The Senate looks to be on track to pass its immigration overhaul today, getting out of town for the July Fourth recess a day early.

After two more largely anticlimactic votes, it appears to be all systems go for a final passage vote Thursday afternoon, sending a bill that would significantly rewrite immigration and border security laws for the first time since 1986 to the House of Representatives, which plans to take a decidedly different approach.

In the second of the three early Thursday votes, senators voted, 68-32, to limit debate on the underlying bill. That was well clear of the 60 votes required to invoke cloture under Senate rules, but short of the 70 votes that supporters had said would put pressure on House Republican leadership to take up the bill.

(Also on Roll Call: 70 Votes for Immigration Seems a Stretch, and May Be Moot | Hawkings Here)

Ahead of the morning votes, Minority Leader Mitch McConnell made the not unexpected announcement that he would oppose final passage.
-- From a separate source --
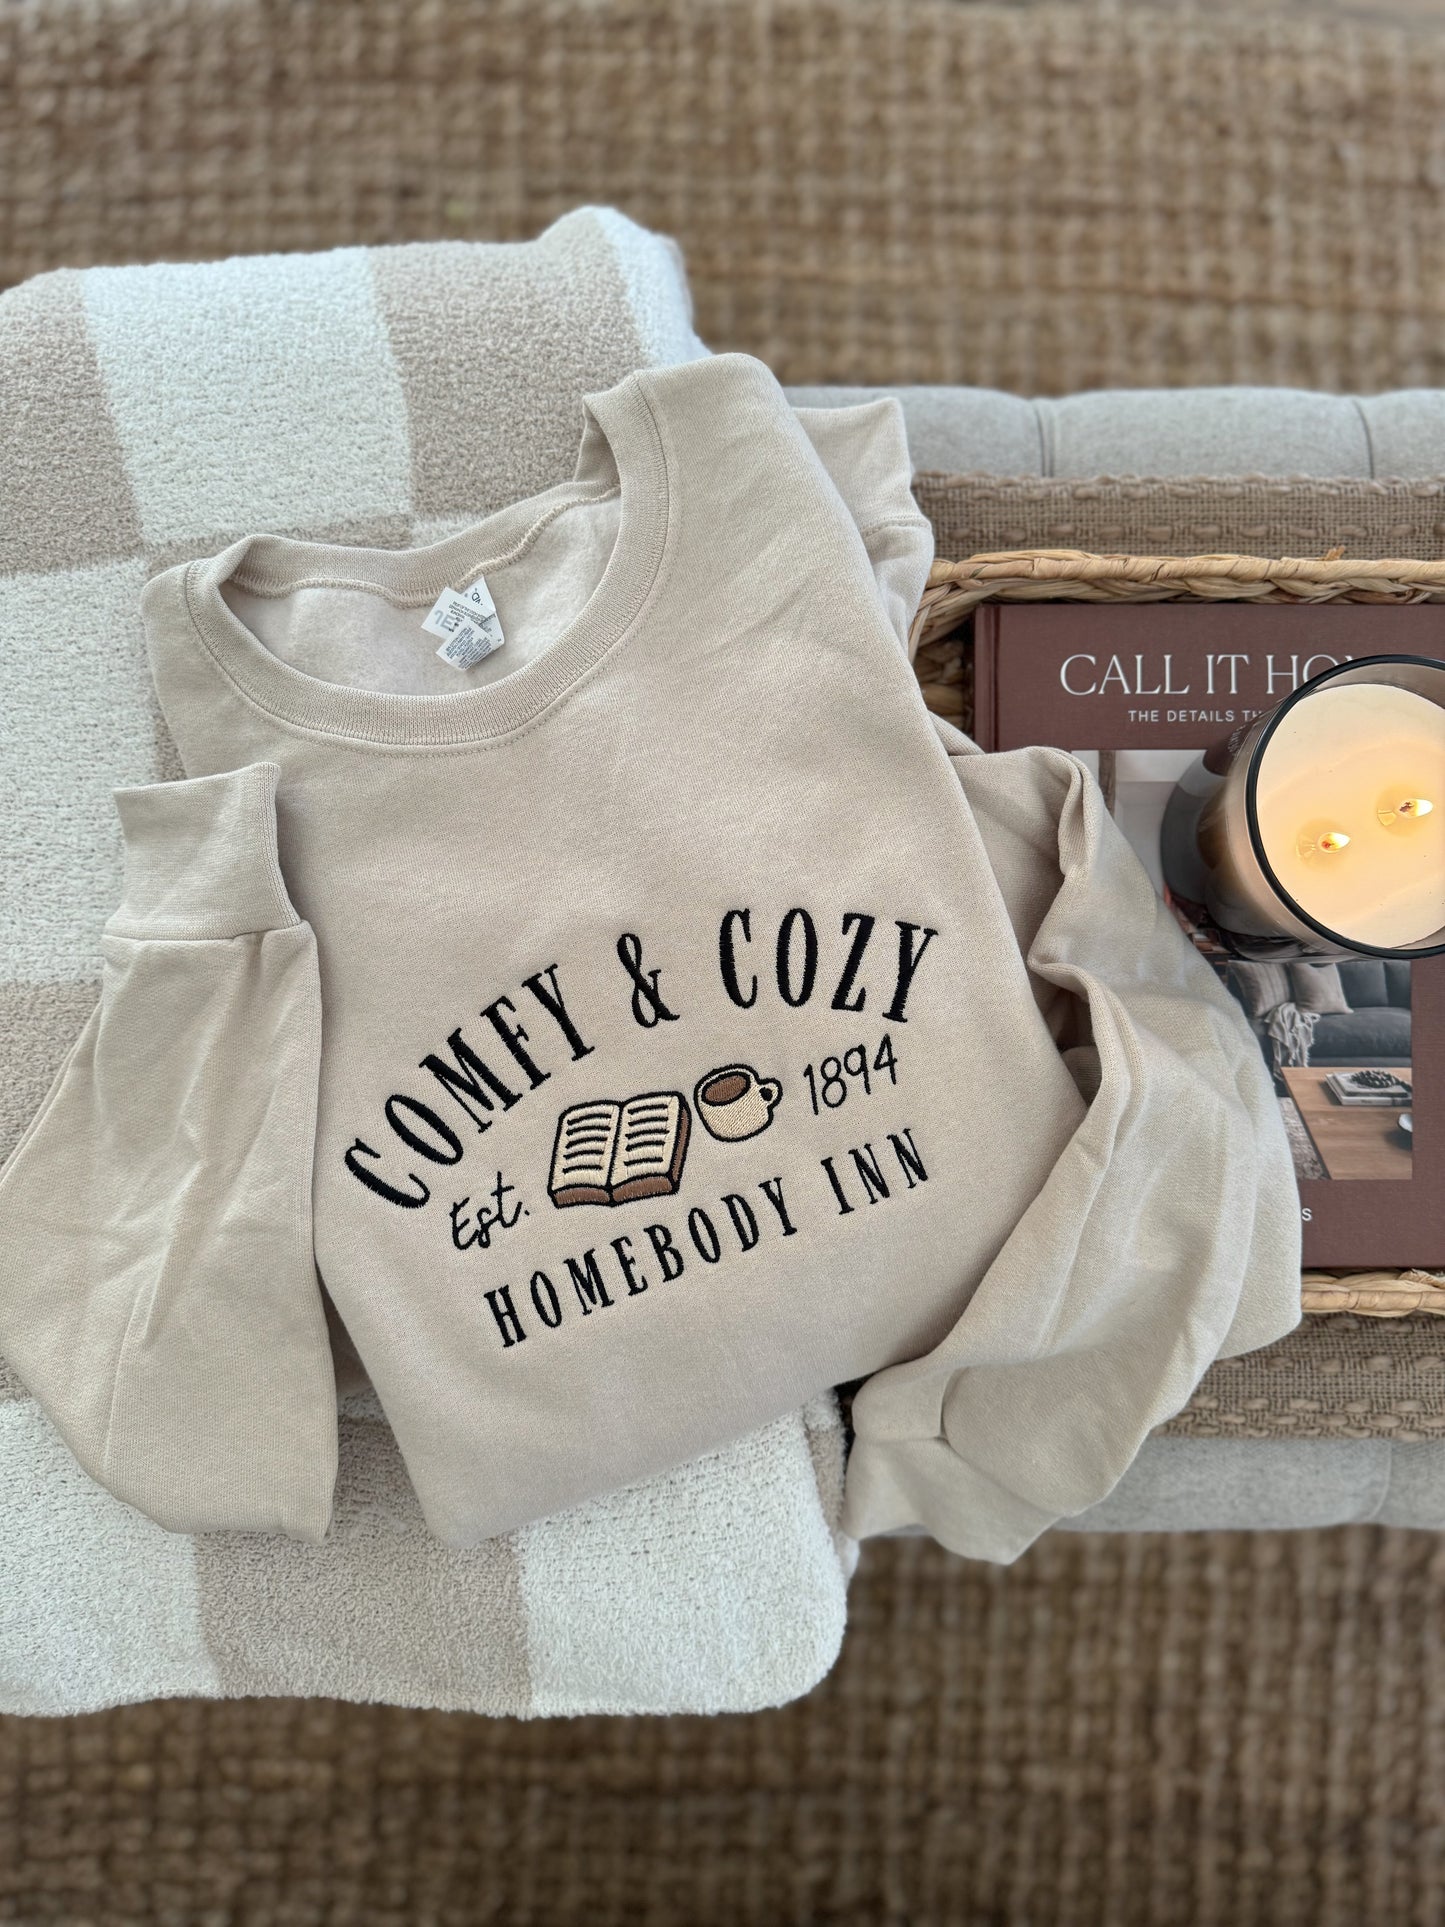 Comfy & Cozy | Homebody Inn Sweatshirt -- Embroidered Sweatshirt, Travel Sweatshirt, Gifts for Her

The Kentucky Republican has largely stayed in the shadows, deferring to other GOP senators on the immigration question and declining to engage in public procedural spats with Majority Leader Harry Reid, D-Nev., on the issue with the bill on the floor.

“It’s with a great deal of regret, for me at least, that the final bill didn’t turn out to be something I can support,” McConnell said. “The reason is fairly simple. As I see it, this bill just doesn’t meet the threshold test for success that I outlined at the start of this debate. It just doesn’t say to me, at least, that we’ve learned the lessons of 1986, and that we won’t find ourselves right back in the same situation we found ourselves in after that reform.”

There’s likely to be few, if any, changes from that tally on the final passage vote, which appears on track to take place around 4 p.m. Thursday afternoon.

Reid said Thursday morning that he hoped to set up the getaway vote as soon as possible, before adding “but if people want to delay it they can.” Indeed, if senators wanted to take all the time available to them, the measure would not be up for final passage until Friday.

Reid also called for senators to vote from their desks on final passage of the immigration bill, in a nod to the importance of the measure. That’s one move for which the majority leader doesn’t actually need unanimous consent.